• Dataset excerpt

++++++++++

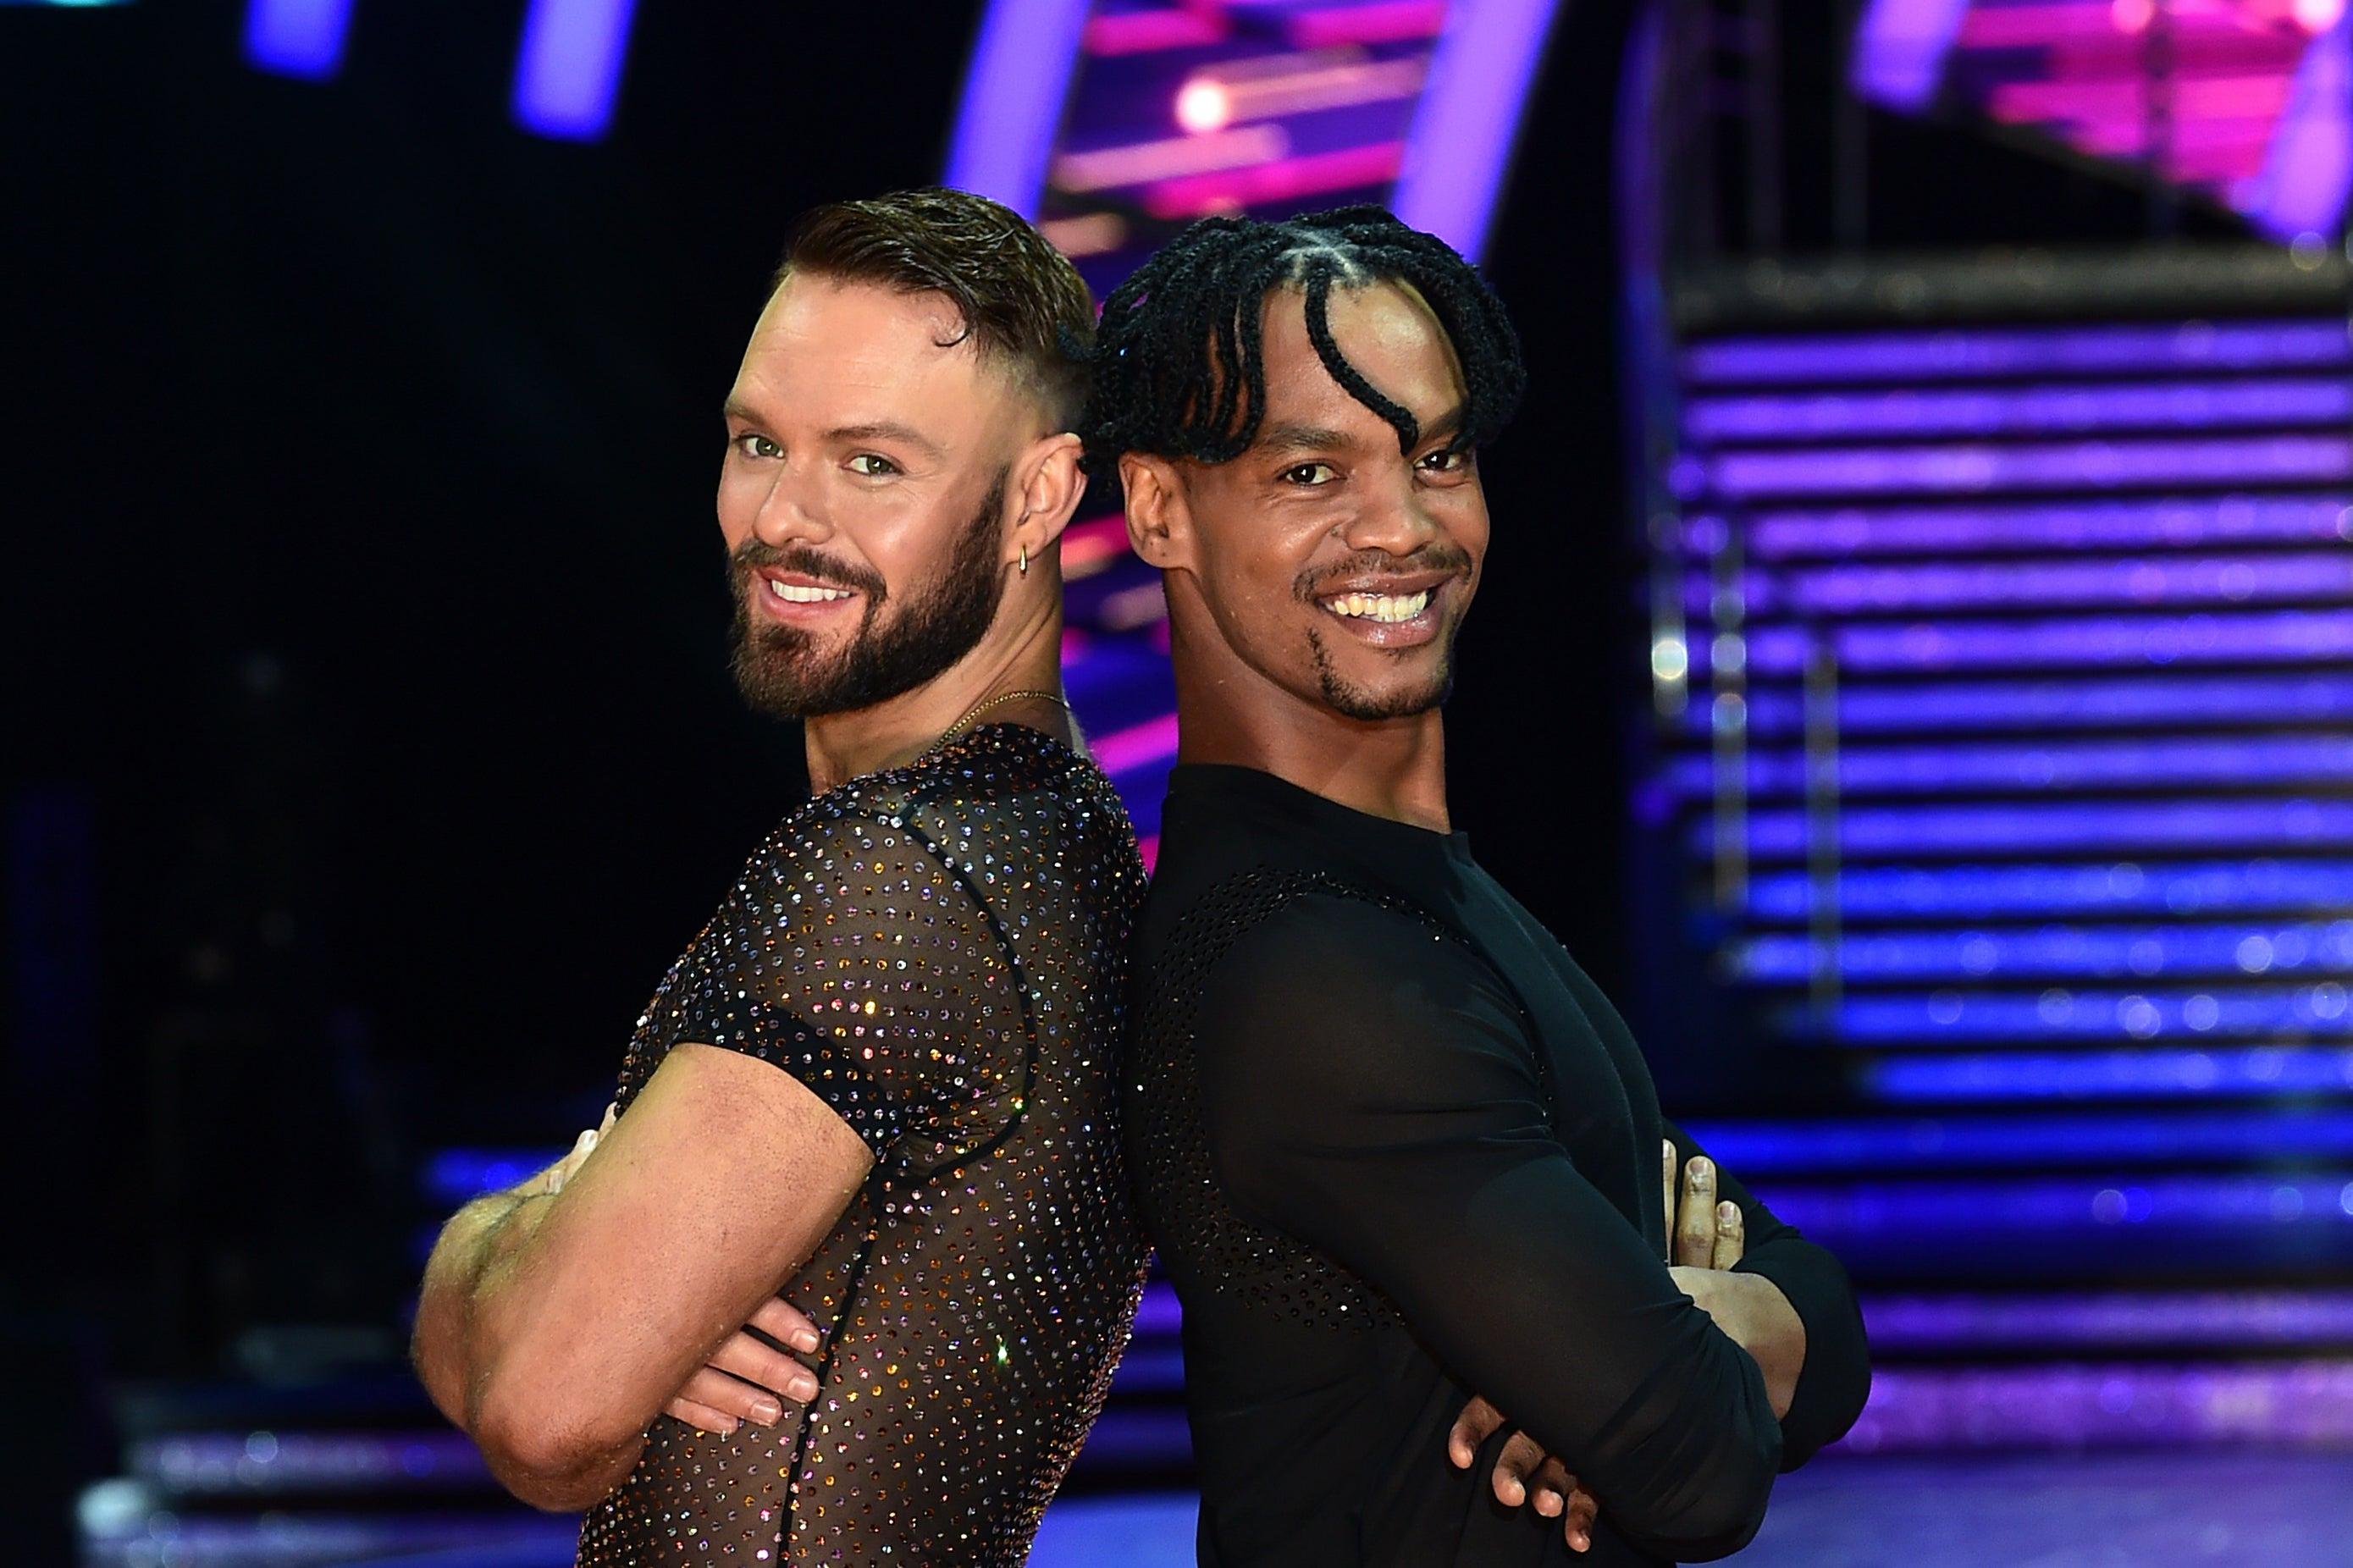 John Whaite and Johannes Radebe on the Strictly tour in 2022
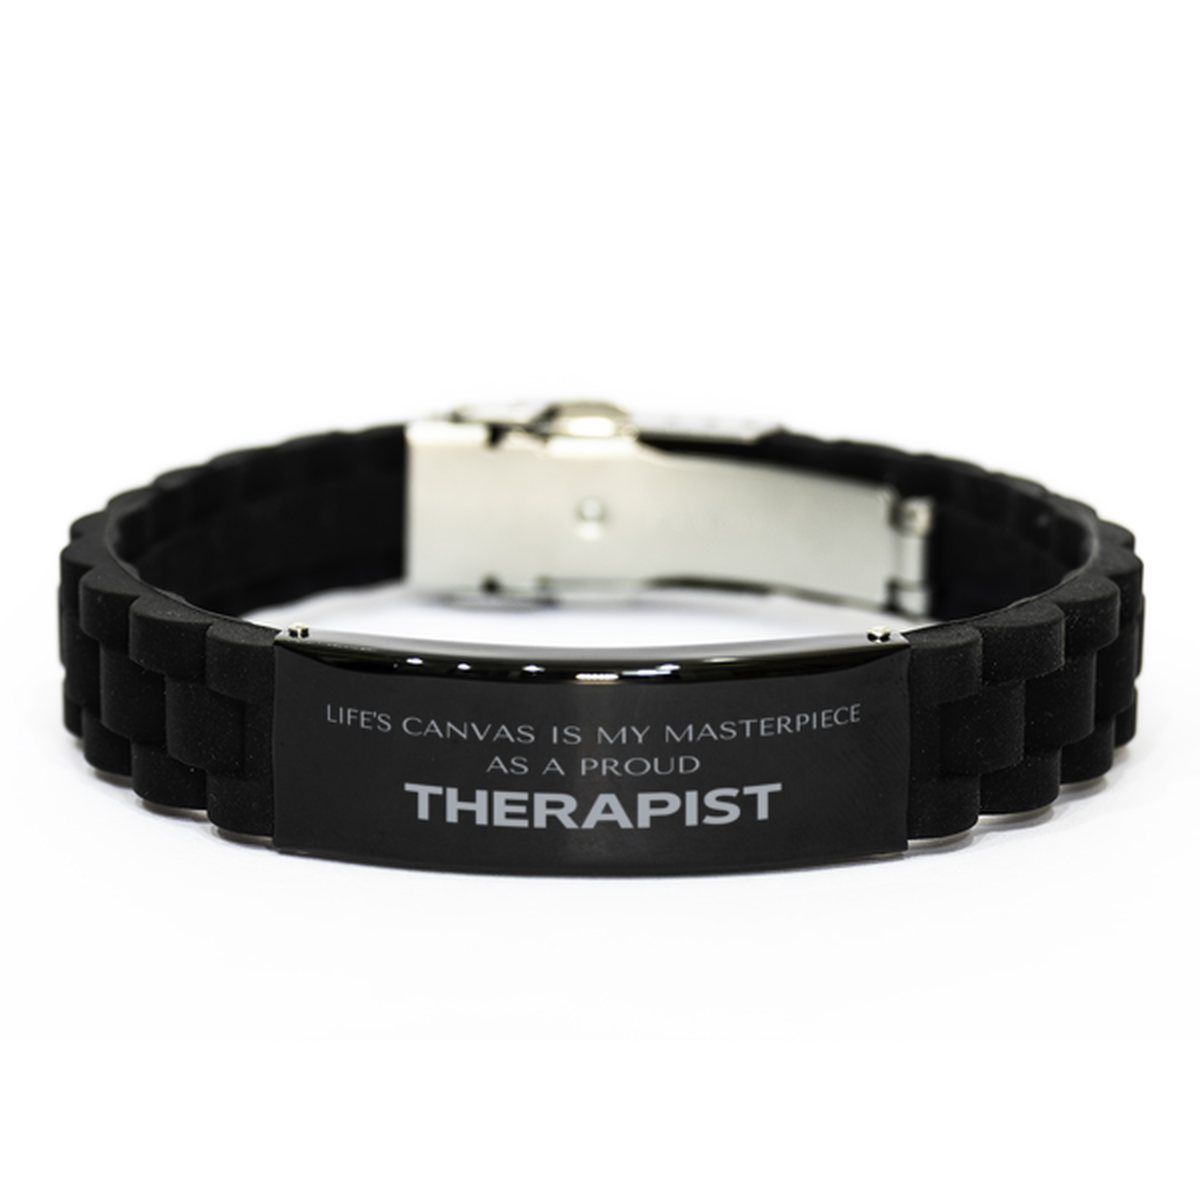 Proud Therapist Gifts, Life's canvas is my masterpiece, Epic Birthday Christmas Unique Black Glidelock Clasp Bracelet For Therapist, Coworkers, Men, Women, Friends
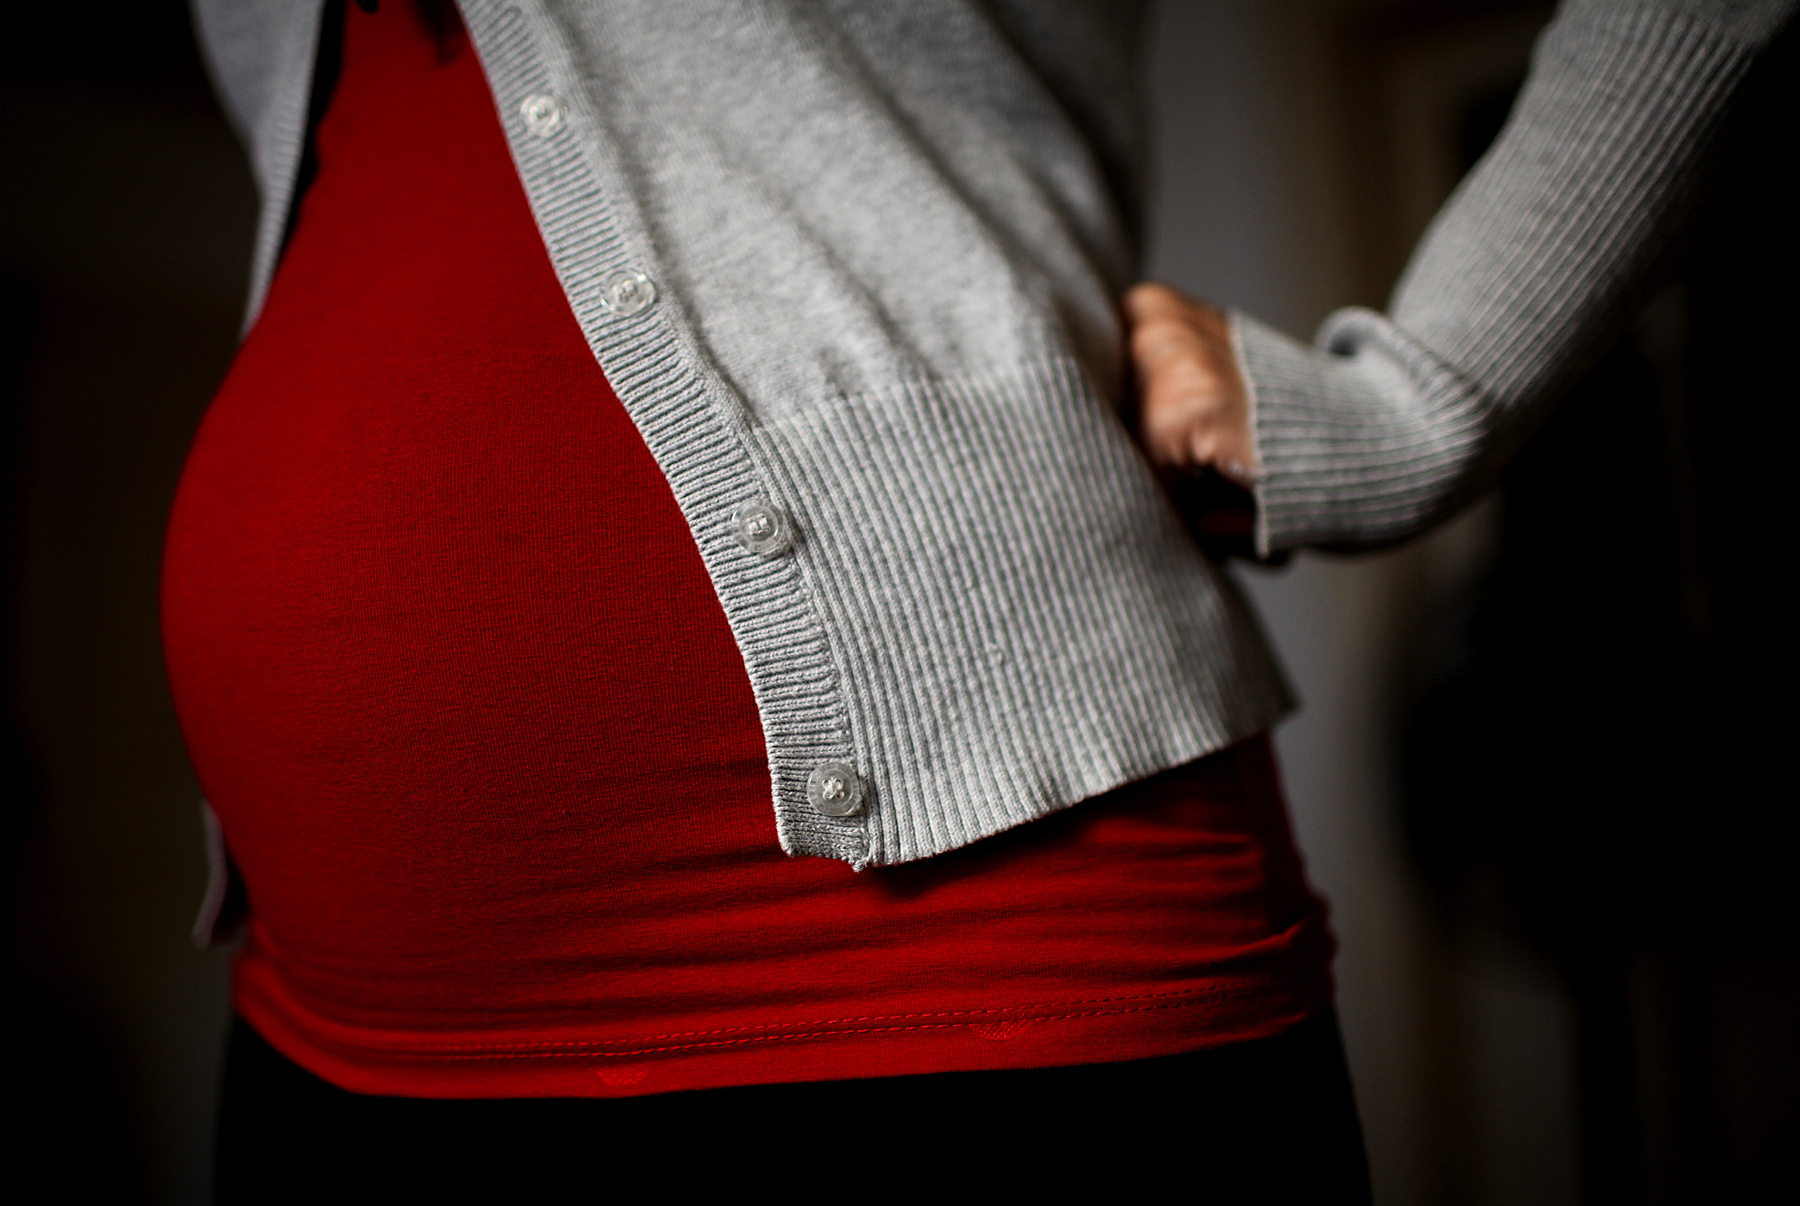 A pregnant woman with a red sweater.

++++++++++

• Goal of the exercise
Exactly as written above, print every line of the data but not its pictures.

• Your response
 John Whaite and Johannes Radebe on the Strictly tour in 2022
 Proud Therapist Gifts, Life's canvas is my masterpiece, Epic Birthday Christmas Unique Black Glidelock Clasp Bracelet For Therapist, Coworkers, Men, Women, Friends
 A pregnant woman with a red sweater.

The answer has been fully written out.